Ella negó con la cabeza.
– Bien, pues yo sí. Una vez, mientras cuidaba de mi sobrino Tony, se me escapó y salió corriendo hacia la carretera. Por poco me da un infarto. De modo que le di un azote en el trasero. Me sentí culpable durante los tres meses siguientes.
Nicole se echó a reír y alargó la mano hacia él. Quizá pretendía darle un apretón afectuoso en el hombro, pero los dedos de Mitch se encontraron con los suyos a medio camino. Y de nuevo sucedió. Una ráfaga de electricidad los recorrió a ambos.
Él frotó la palma contra la de ella, y Nicole lo miró a los ojos con una expresión de frágil vulnerabilidad.
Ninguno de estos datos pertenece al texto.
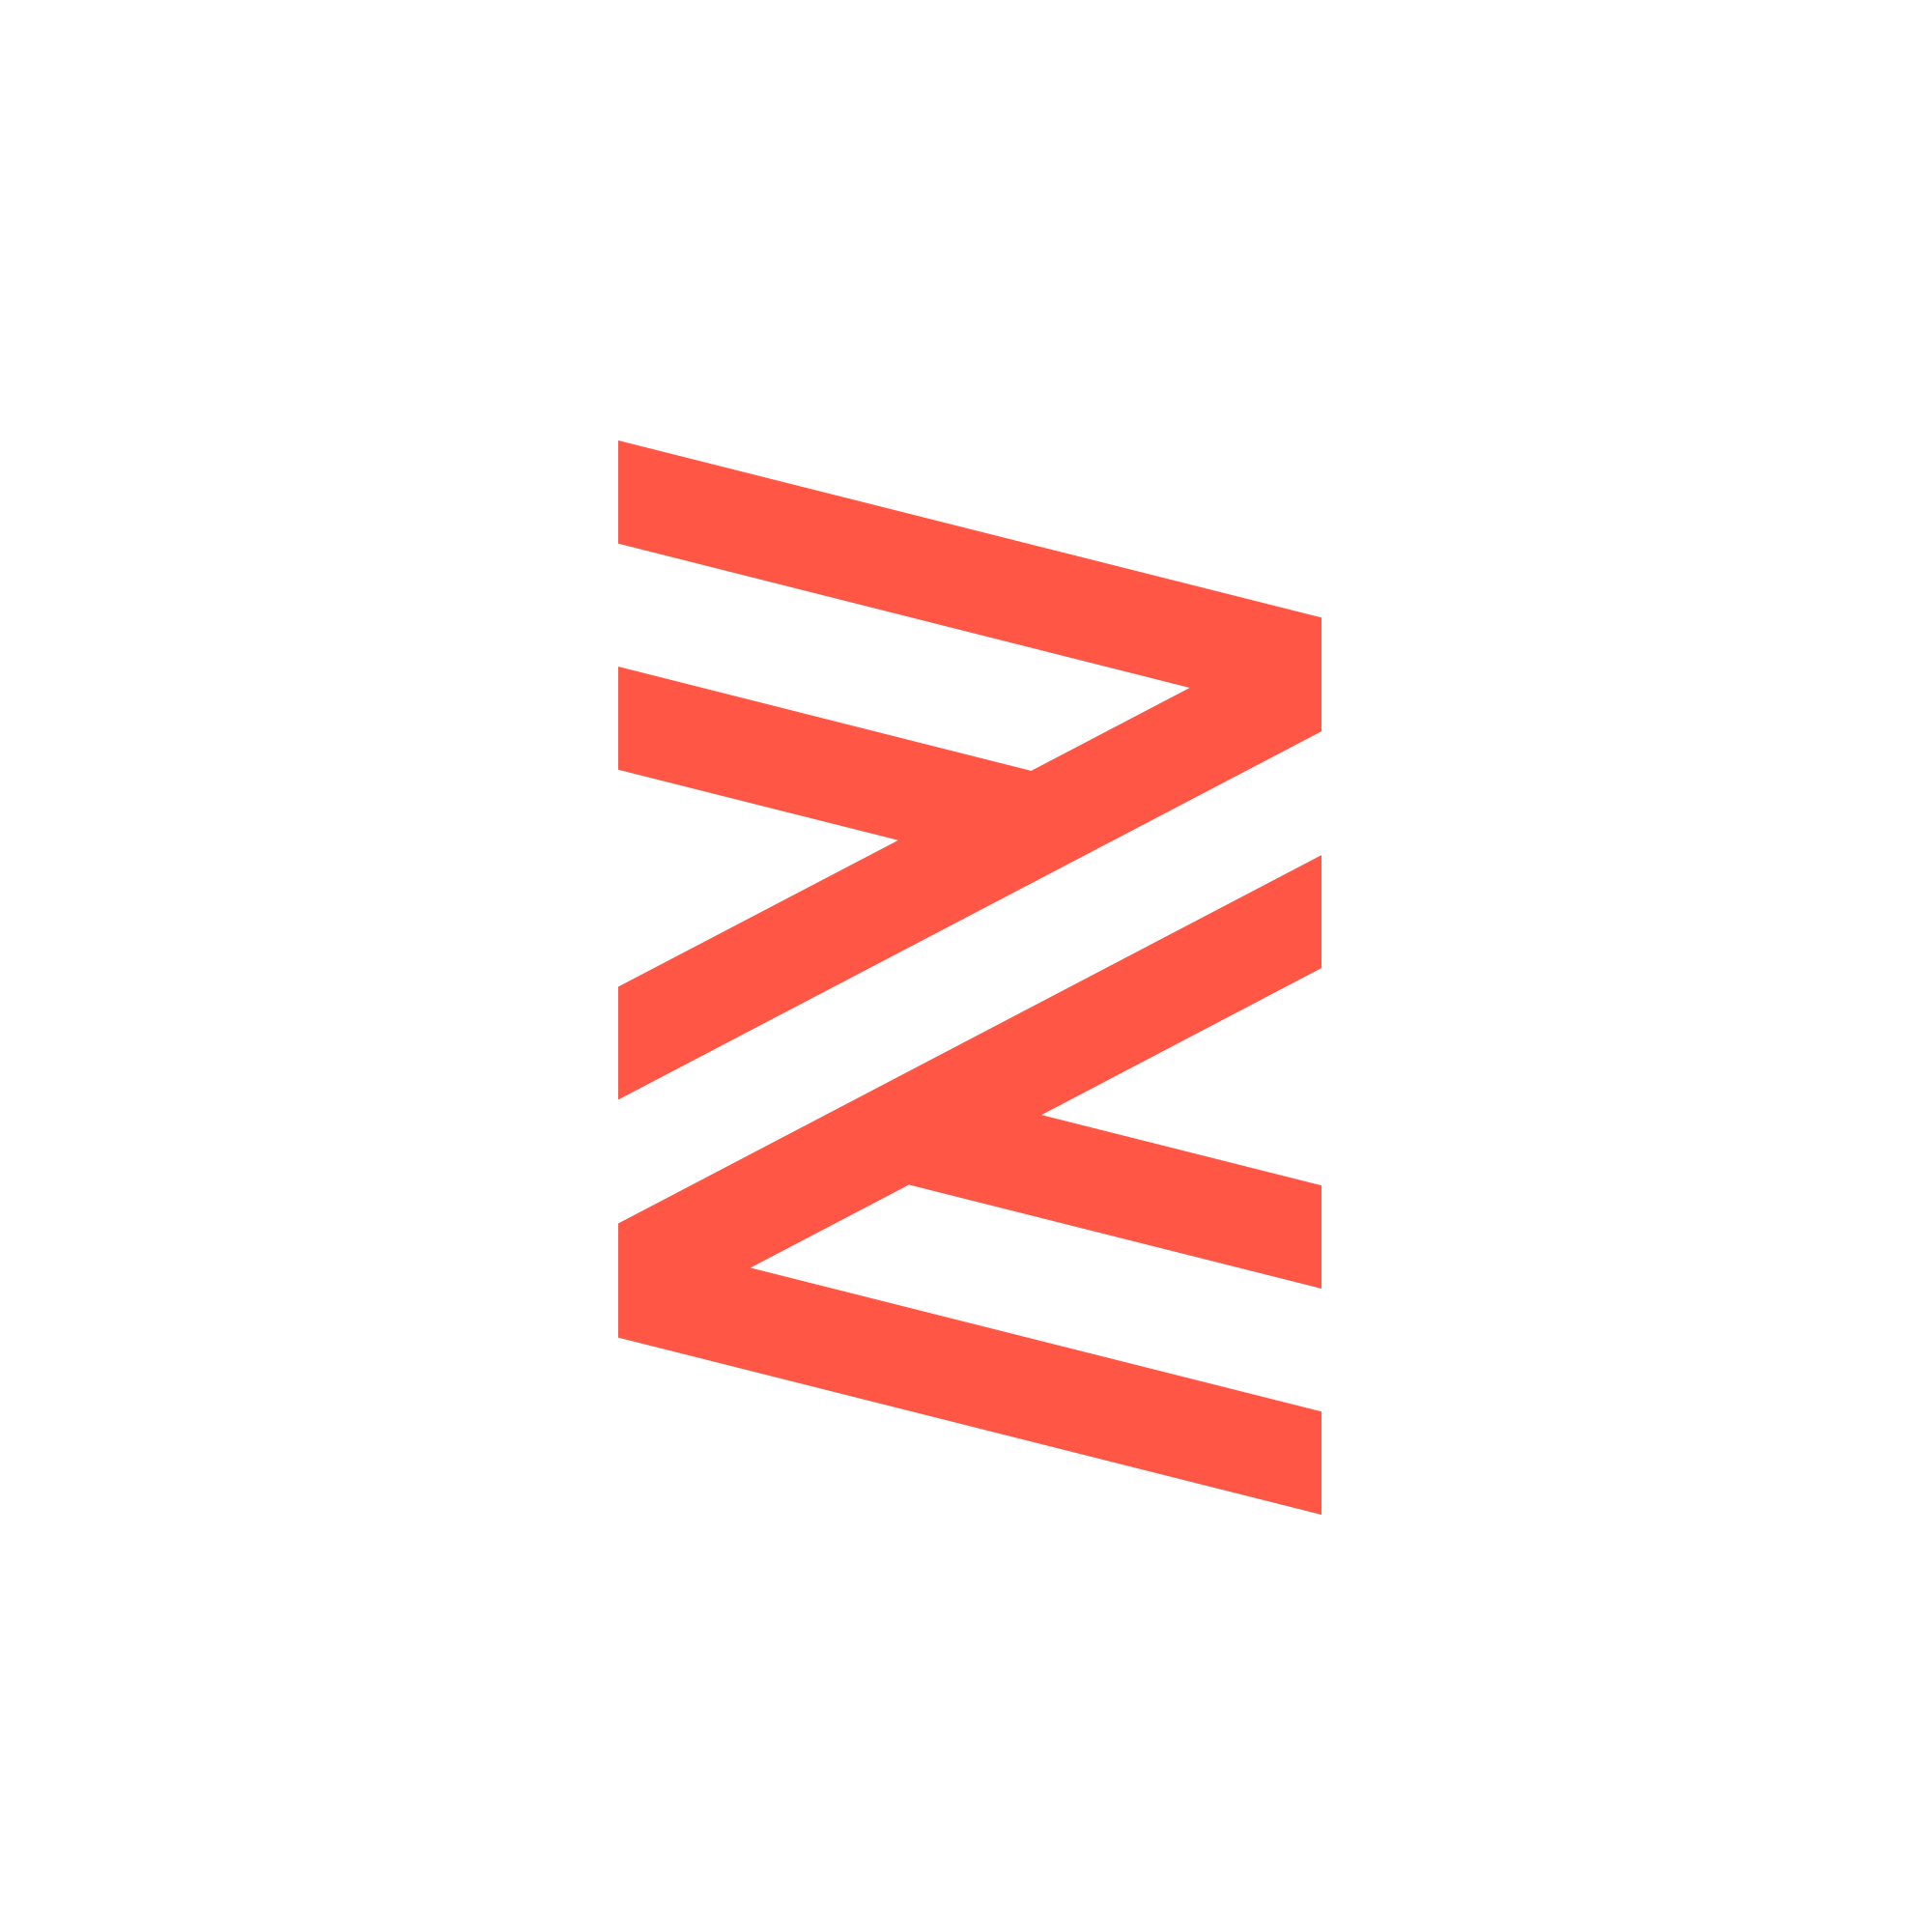 Zenefits logo
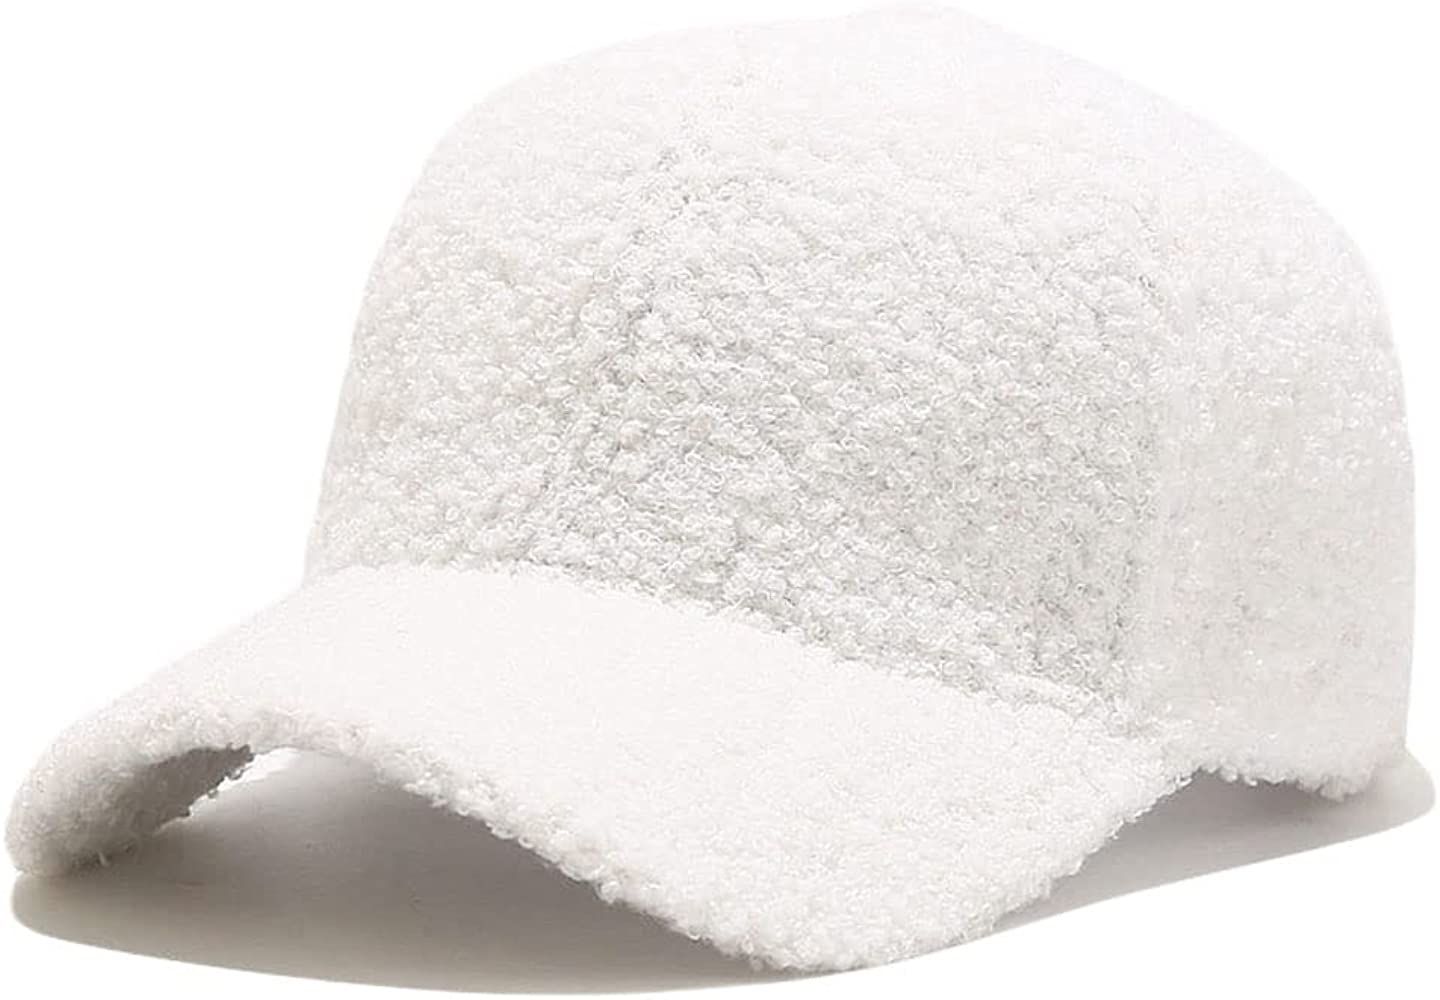 Avilego Winter Baseball Cap for Women Lamb Wool Solid Color Warm Baseball Cap for Outdoor Travel | Amazon (US)

Mitch notó que su corazón se elevaba hasta la estratosfera. Ella jamás lo había mirado así anteriormente, con aquella cálida y suave luz en los ojos. Lo supiera o no, estaba pidiendo a gritos que la besara.
No obstante, la expresión de sus ojos cambió de súbito. Retiró rápidamente la mano y su risa cesó como si alguien la hubiera cortado con una espada afilada.
– Eh, que sólo estaba bromeando -dijo Mitch-. Me encargaré de administrar disciplina si es necesario.
– No se trata de eso -respondió Nik.
– Además, me ocuparé de los pañales. Y le daré de comer por las noches.
– Te repito que no se trata de eso.
– ¿Qué sucede?
– Vuelve la cabeza, Landers.
Él no lo hizo, por supuesto. Por un segundo, permaneció petrificado, porque no entendía lo que Nicole estaba haciendo. Se había levantado y caminaba hacia un costado del yate como si pensara zambullirse. De repente, Mitch comprendió que no estaba disgustada con él ni con sus teorías acerca de la crianza de los hijos. Y siguió observándola mientras vomitaba en el océano los camarones que se había comido.